“哈哈哈……真是杀得痛快!”随着两声粗声粗气的说话声,洪仁达、洪仁发走了进来,洪身是血,丑恶异常。“天王,我们已按你的意思,将北王府中人不论男女老少尽皆诛绝,抄走财宝后,又一把火烧了个干净,这回算是解气了!”
“好!两位哥哥干得漂亮!你们速带亲信接替李世贤,将城中韦贼余孽尽数清除!”洪秀全兴奋地说。
“好勒,我们哥俩就喜欢干这种麻利事!婆婆麻麻顾及那么多干鸟啊!”洪仁发冲石定天、陈玉成呶了呶嘴道。

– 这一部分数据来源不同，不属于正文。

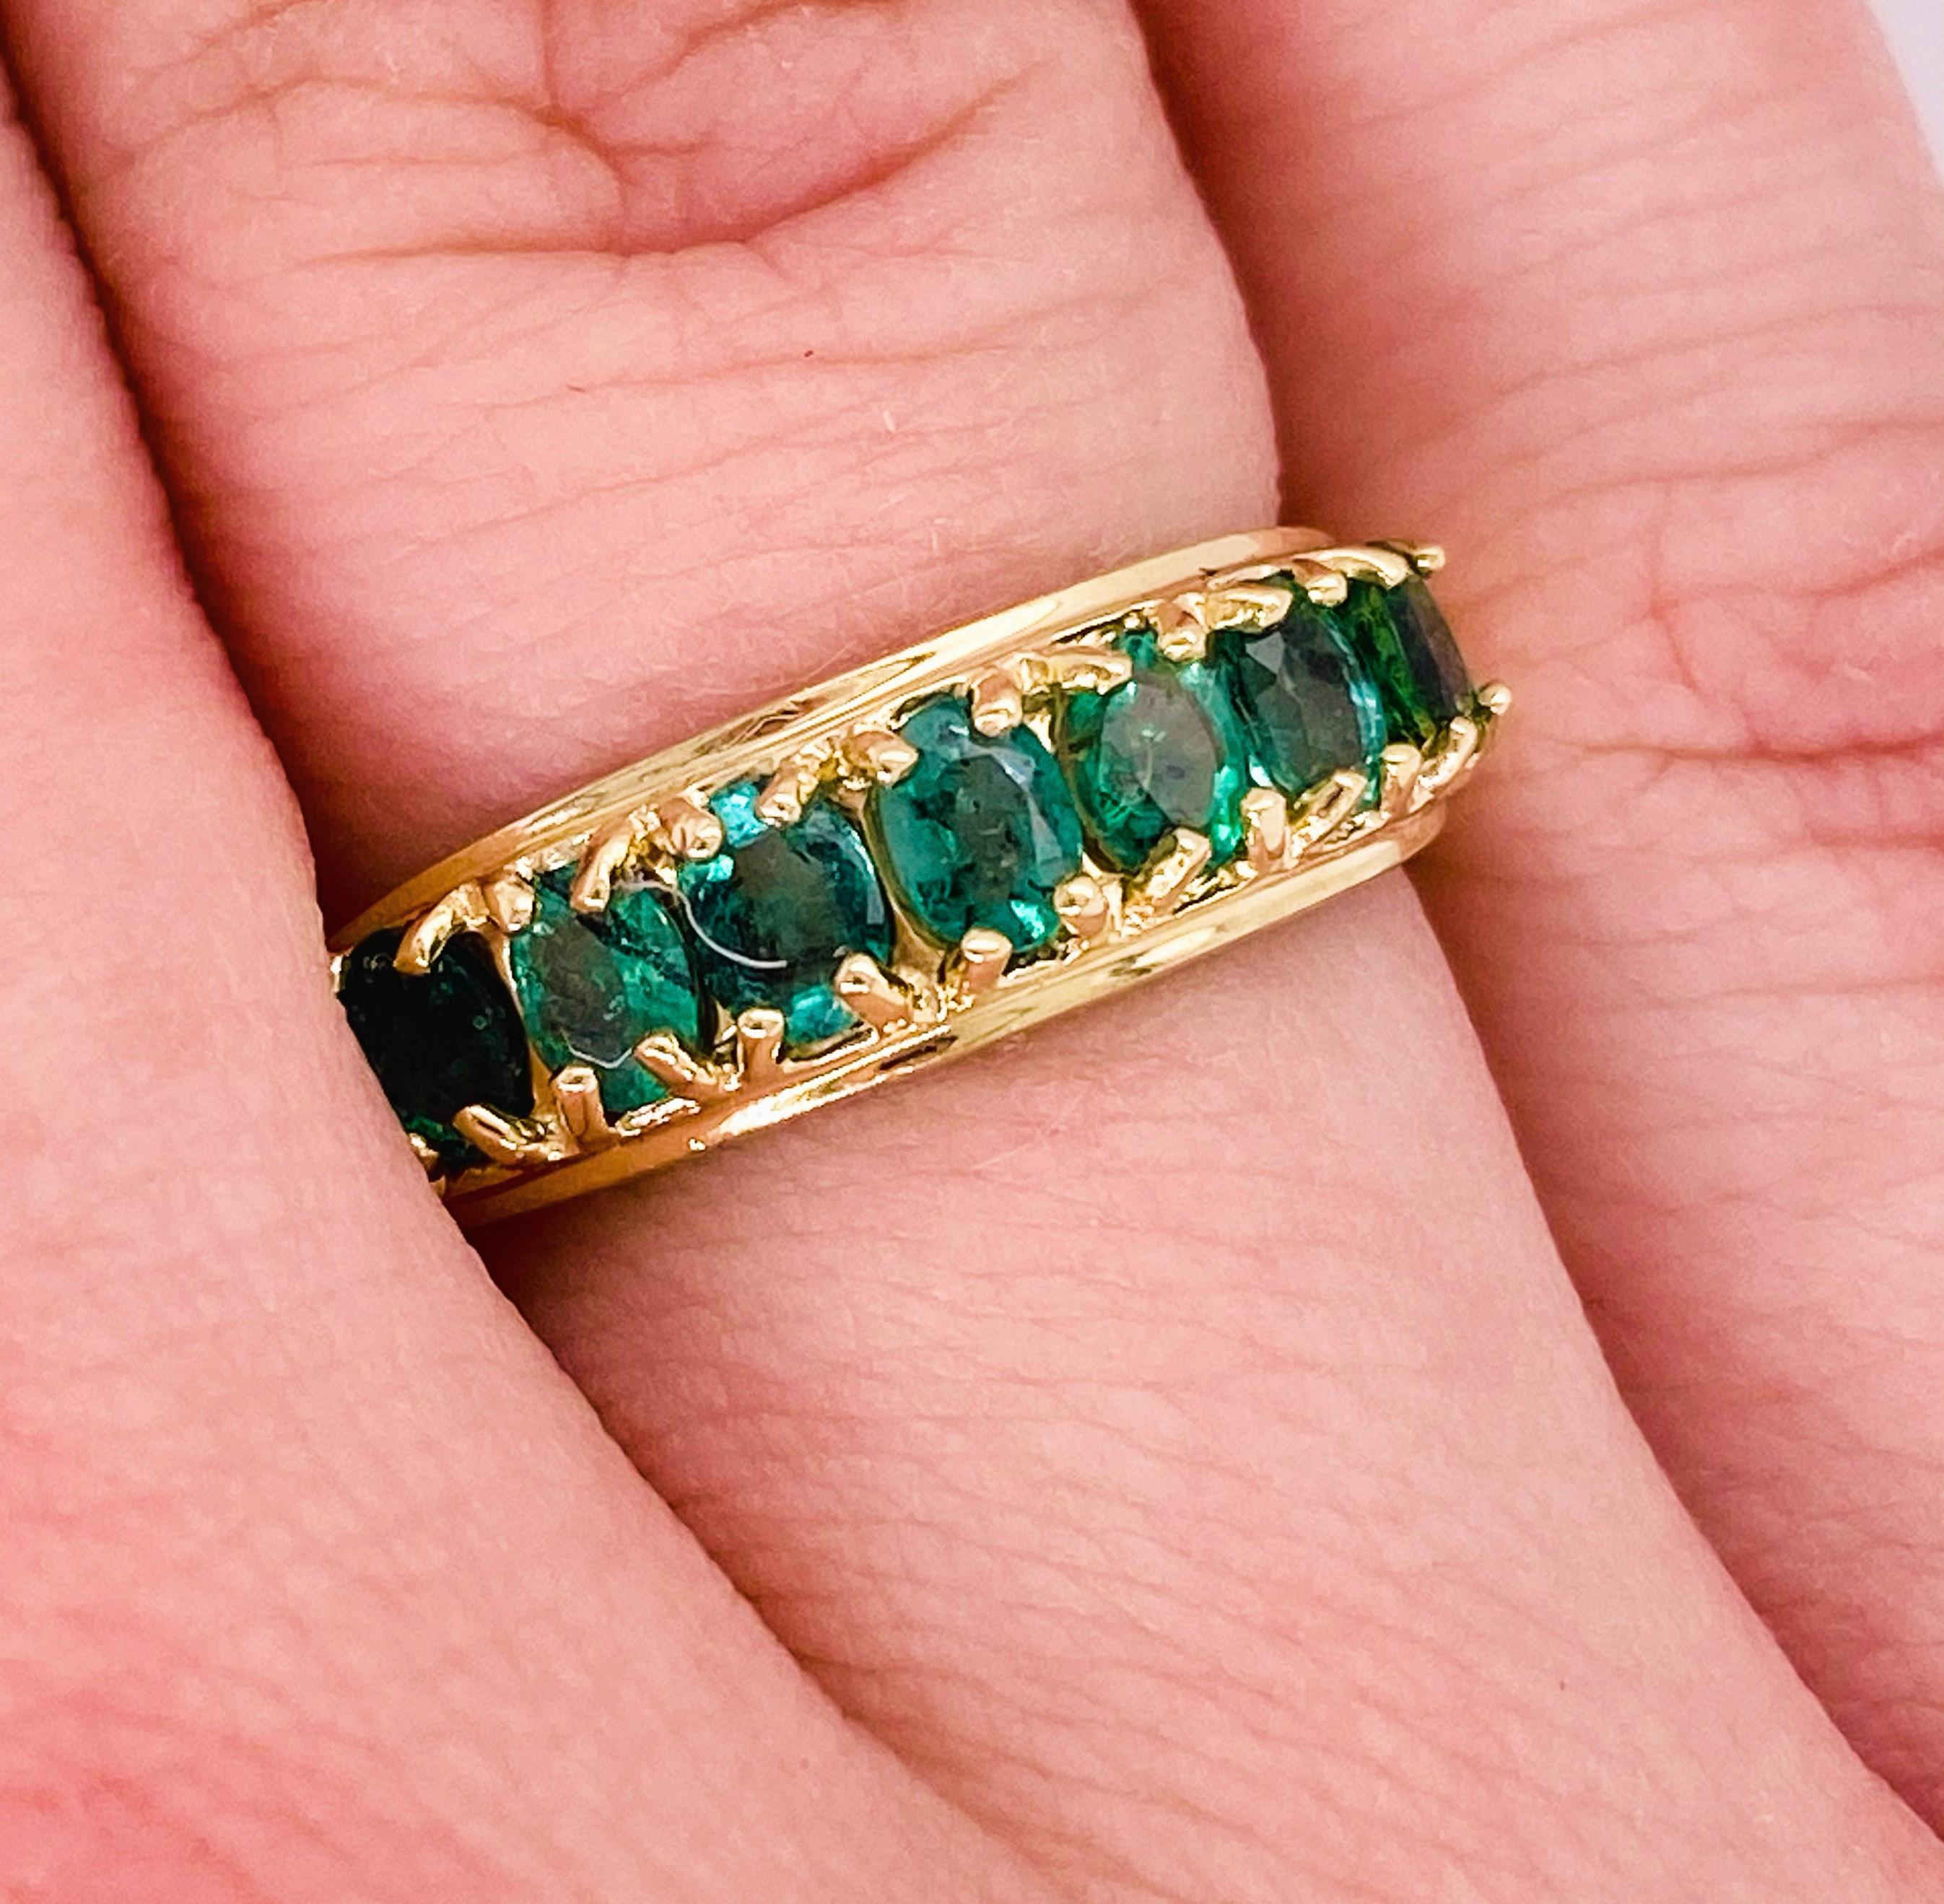 Seven vibrant emeralds have never looked better! This emerald band has genuine, natural emerald gemstones. The stones are set in a 10 karat yellow gold band! Emeralds are the birthstone for May, making this ring the perfect birthday or anniversary

然后与洪仁达转身出去了。
“天王……”石定天还想说什么,却被陈玉成拉了拉衣角。
“哈哈哈……既然危机已解,各位弟兄就先回去休息吧,明日早朝听候封赏。”洪秀全道,“去,通知八十八位王妃,今晚与朕在天池共浴,尽受上天恩泽!”向一名女官吩咐完,一甩袍袖,走了,将一干人等晾在大殿之中。
后殿传来阵阵男欢女爱之声。
赖汉英将石定天等人送出天王府。
“唉,想当年金田起义时,天王何等英明,自定都天京后便一日日地变了,许多决断让人不可思议!”陈玉成叹道。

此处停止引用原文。